In the West, Gabo steadily gained recognition as a powerful force for constructive art, but in Russia he was scarcely mentioned. Even in the West his fame suffered in his later years, when the search for more political art pointed art historians in other directions. Hammer and Lodder have caught the tide of change in art-historical writing. Their book defines Gabo's position as crucial to the movement, but it is all the more authoritative for their reserve in expressing opinion. Instead they are comprehensively informed and explicit: every available fact and aspect of Gabo's life is here. Three hundred illustrations survey his work and every project is discussed; excerpts from letters provide Gabo's own voice throughout the text.

Gabo, and his brother the sculptor Antoine Pevsner, had a huge impact on European and American art. They perceived beyond painting, sculpture and architecture an art of construction. Assembling materials together, they abandoned illusion for synthetic constructions complete in themselves.

Having studied anatomy and engineering, Gabo saw, in the bones of a ribcage, the iron struts of a bridge or in the fluted ridges of a scallop shell, structures common to natural and to human construction. Telescopes, microscopes, radios and other technical equipment revealed symmetries that he could see in petals or crystals. With this in mind, Gabo developed the sculpture of new materials, mathematical structures and complex symmetry.

He began with figures built from flat planes of card. With these modest works made in exile in Scandinavia during the first world war, he first began to separate volume from mass, neither modelling nor carving but constructing figures: a feature of almost all his work. In a Moscow street in 1920, Gabo and Pevsner launched their brief career under the new regime with an exhibition of constructed sculptures, publishing also the Realistic Manifesto , full of visionary fervour calling for artists to reject the excitement of fast cars for the greater silent speed of light.

What followed was more radical and independent. Gabo used metals, glass and translucent plastic (some of the latter sculptures are now unstable and demand great care). Refusing to distinguish sculpture from architecture, he constructed crystalline, transparent forms that could stand as objects in a gallery, as street monuments or as architecture.

Throughout, Gabo sought materials, symmetries and shapes that would minimise the solid, closed mass of his sculptures. He wanted to shape space with intricate shapes and flowing surfaces. Certain structures emerged from a single point expanding into the air around them. His series called Spheric Theme (1937-39) was built from just two identical, curved elements around a central void.

Some of them are robust enough to challenge buildings in the street, as with his Bijenkorf construction in Rotterdam; others show great delicacy. As a student visiting the old Tate Gallery, I once stepped back and bumped a plinth with a Gabo sculpture perched on it. As it rolled to left and right, I was not confident of catching it. Eventually it stabilised, and I left more aware of its fragile beauty.

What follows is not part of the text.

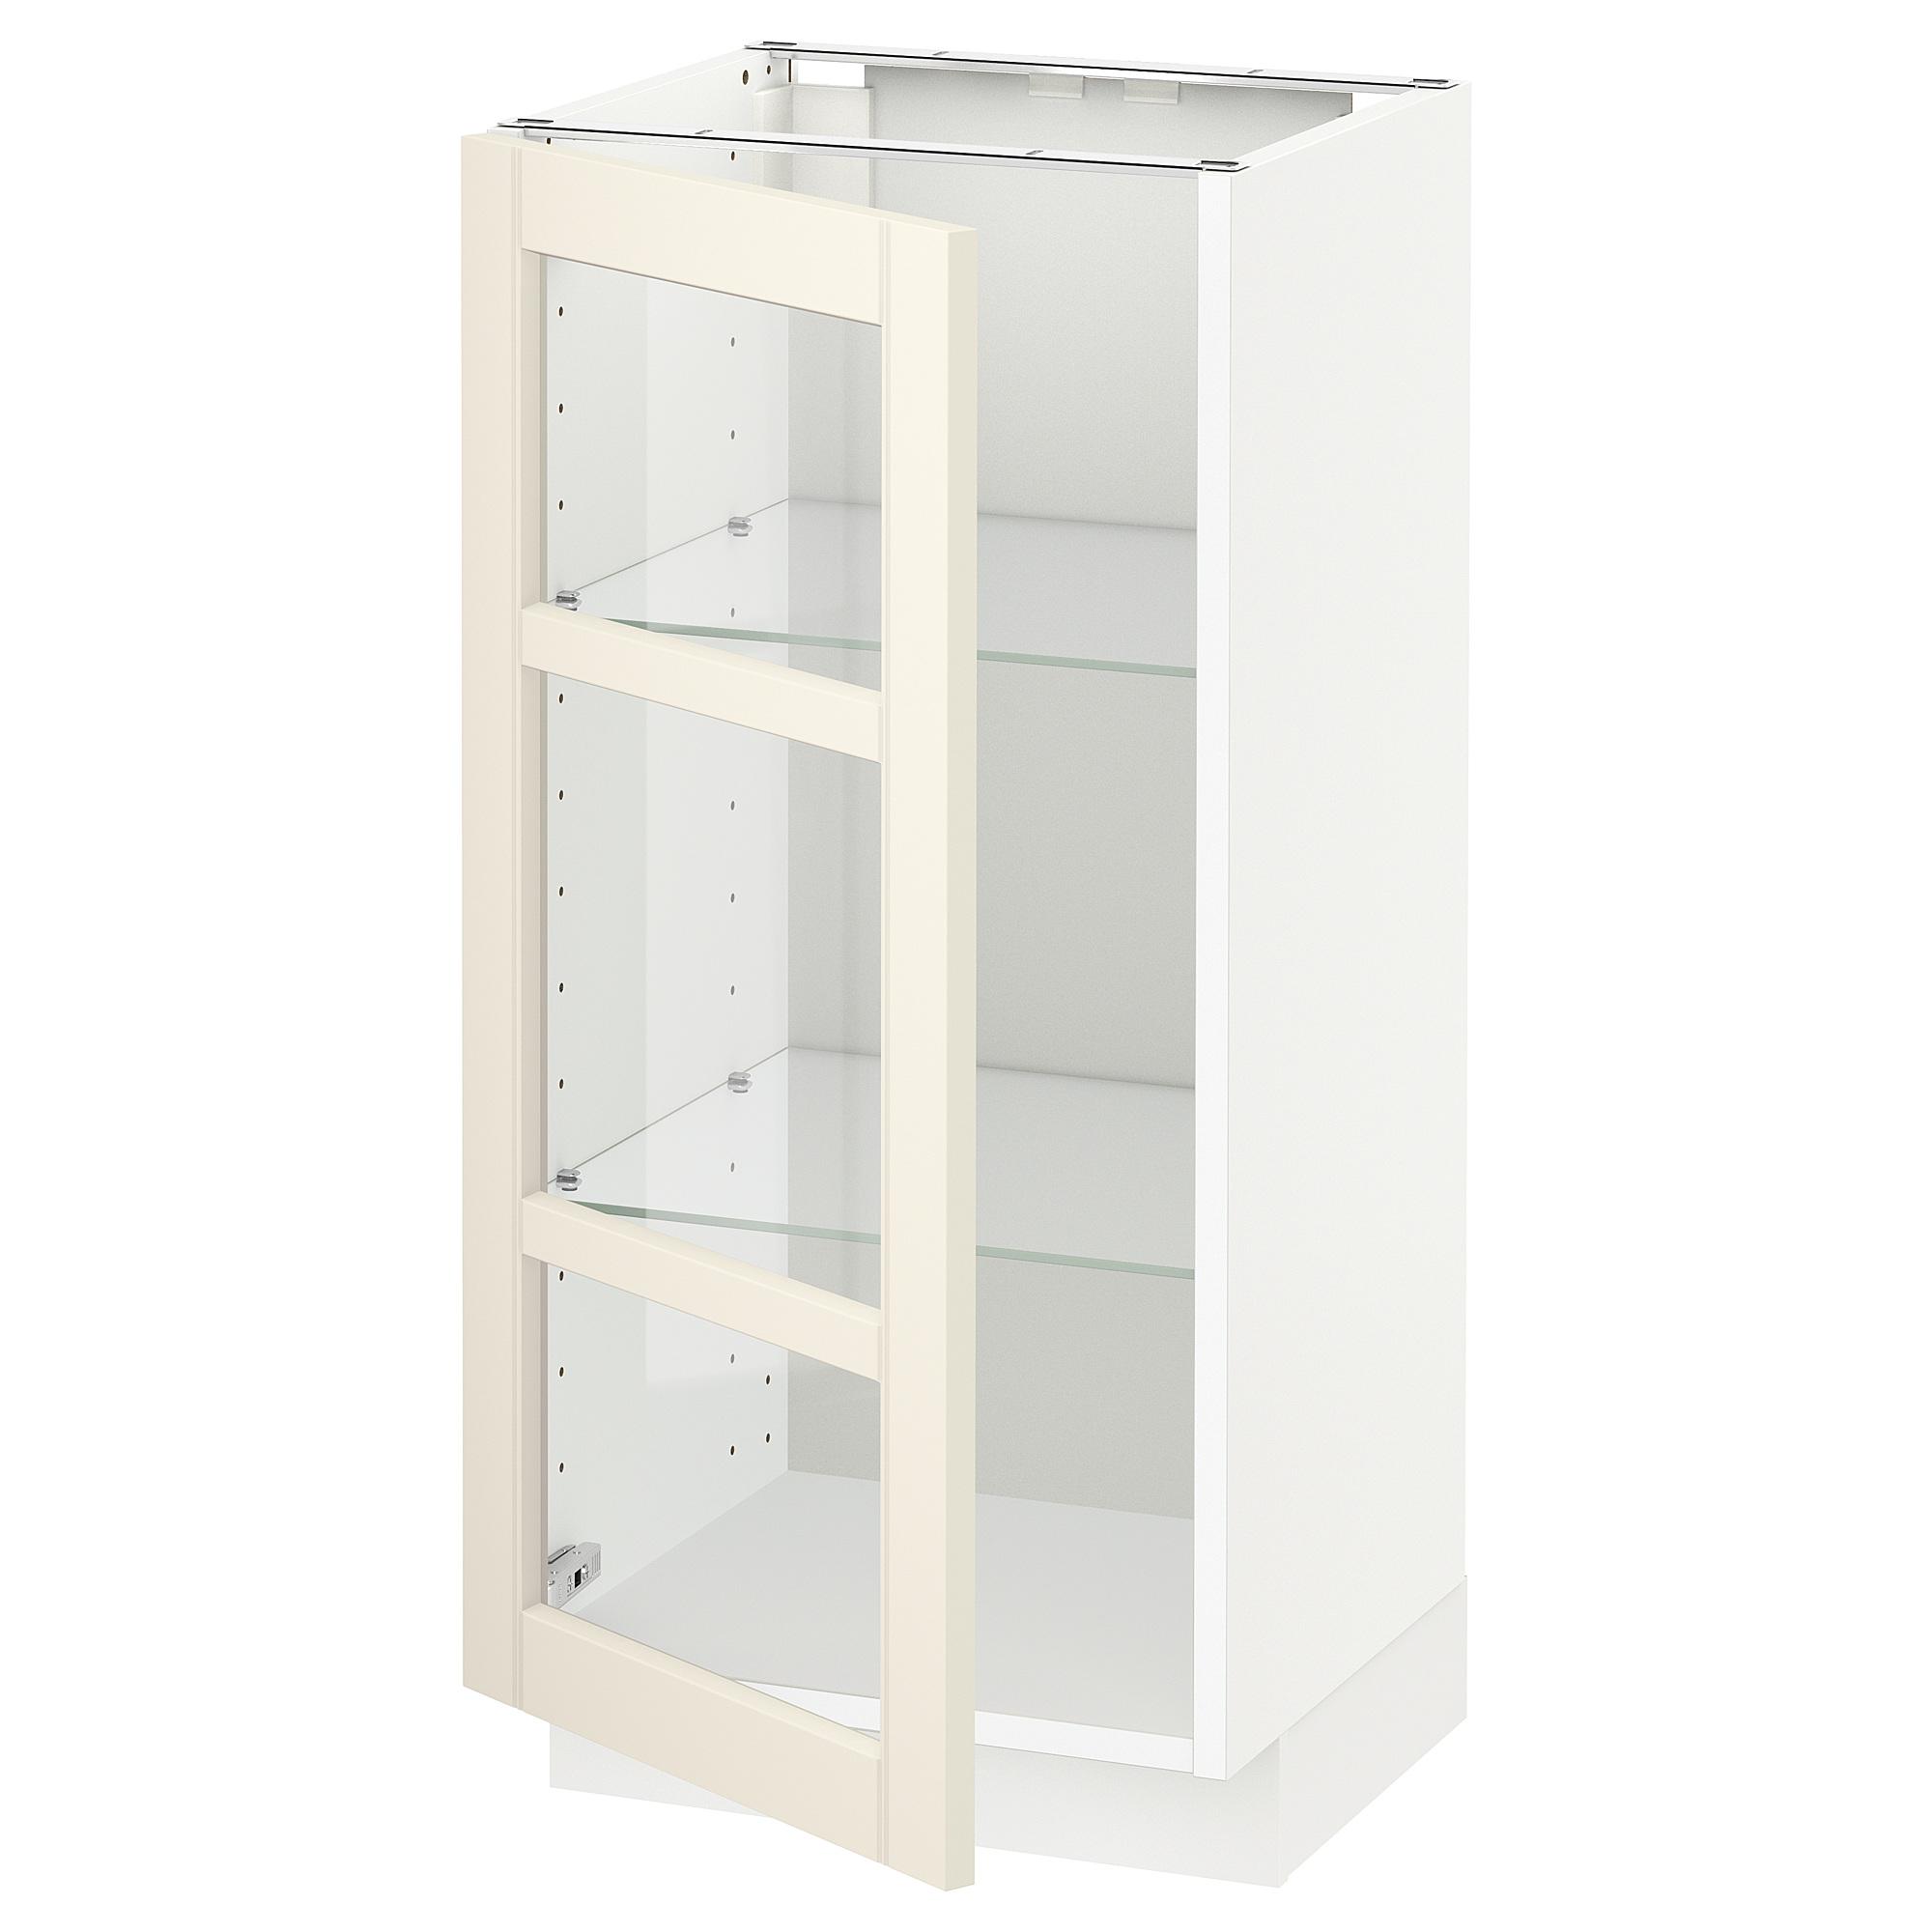 Напольный шкаф со стеклянной дверцей МЕТОД белый артикуль № 192.404.39 в наличии. Интернет магазин IKEA Минск. Быстрая доставка и соборка.
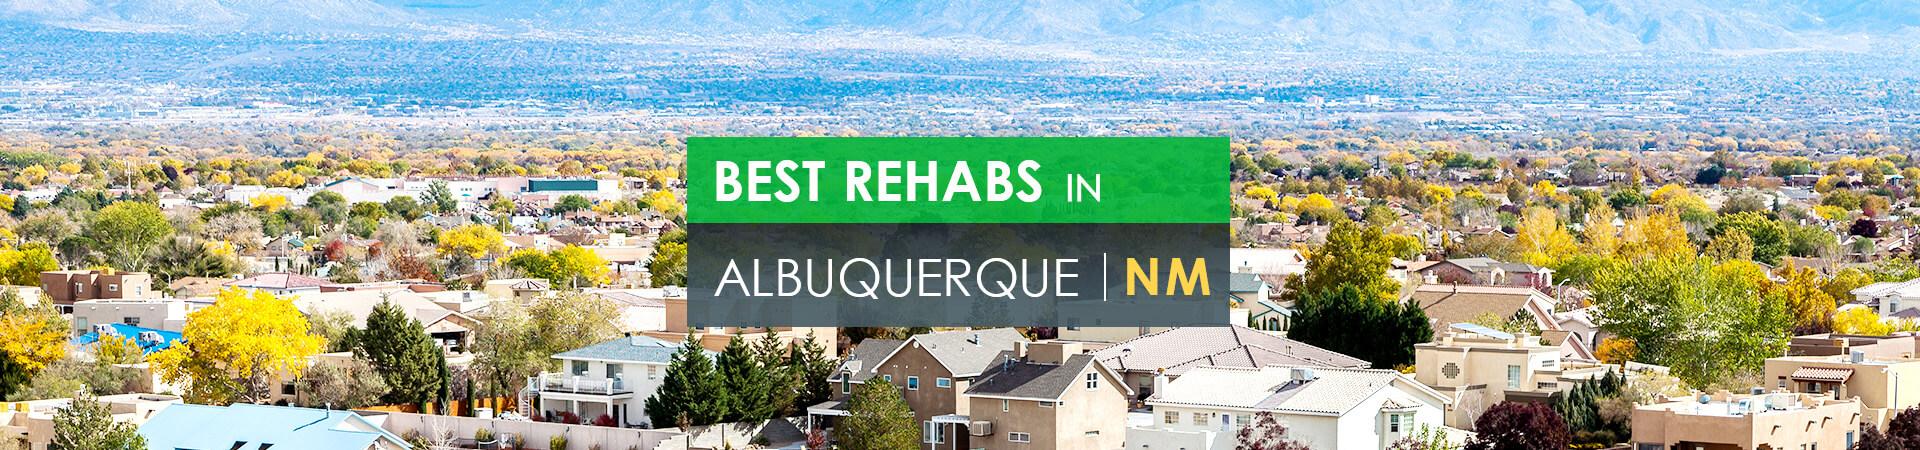 Best rehabs in Albuquerque, NM

In the 1930s, Gabo moved to England, and ultimately to the United States, working closely with architects and designers as well as artists. He joined Ben Nicholson, Barbara Hepworth and others in Hampstead and at St Ives in Cornwall; he joined groups associated with abstraction; and he contributed to the first and only number of Circle , the journal edited by the architect Leslie Martin. Gabo even made designs for the Jowett Javelin car. Gabo's major works are now in the Tate Modern.

The book's biographical aspects give a rich insight into Gabo's aims and character. One chapter, "Brothers in art", deals with the allegiances, competitiveness, financial stresses and successes of the three brothers: Gabo and Antoine Pevsner, both sculptors, and their youngest brother Alexei Pevsner, a career scientist in the Soviet Union.

Gabo maintained that infinite space begins anywhere and everywhere. If this sounds mystical, recall that he lived in the age of atom splitting, when scientists as well as artists defined new conceptions of time and space. As a result, when Gabo built monuments, he built them for a serene, anonymous and universal future in which mankind and nature had a new relationship. If his sculpture resembles engineering, mathematics, crystallography and architecture, it also shows man's place alongside the spider's web, the shell and the flower.

John Milner is professor of art history, University of Newcastle.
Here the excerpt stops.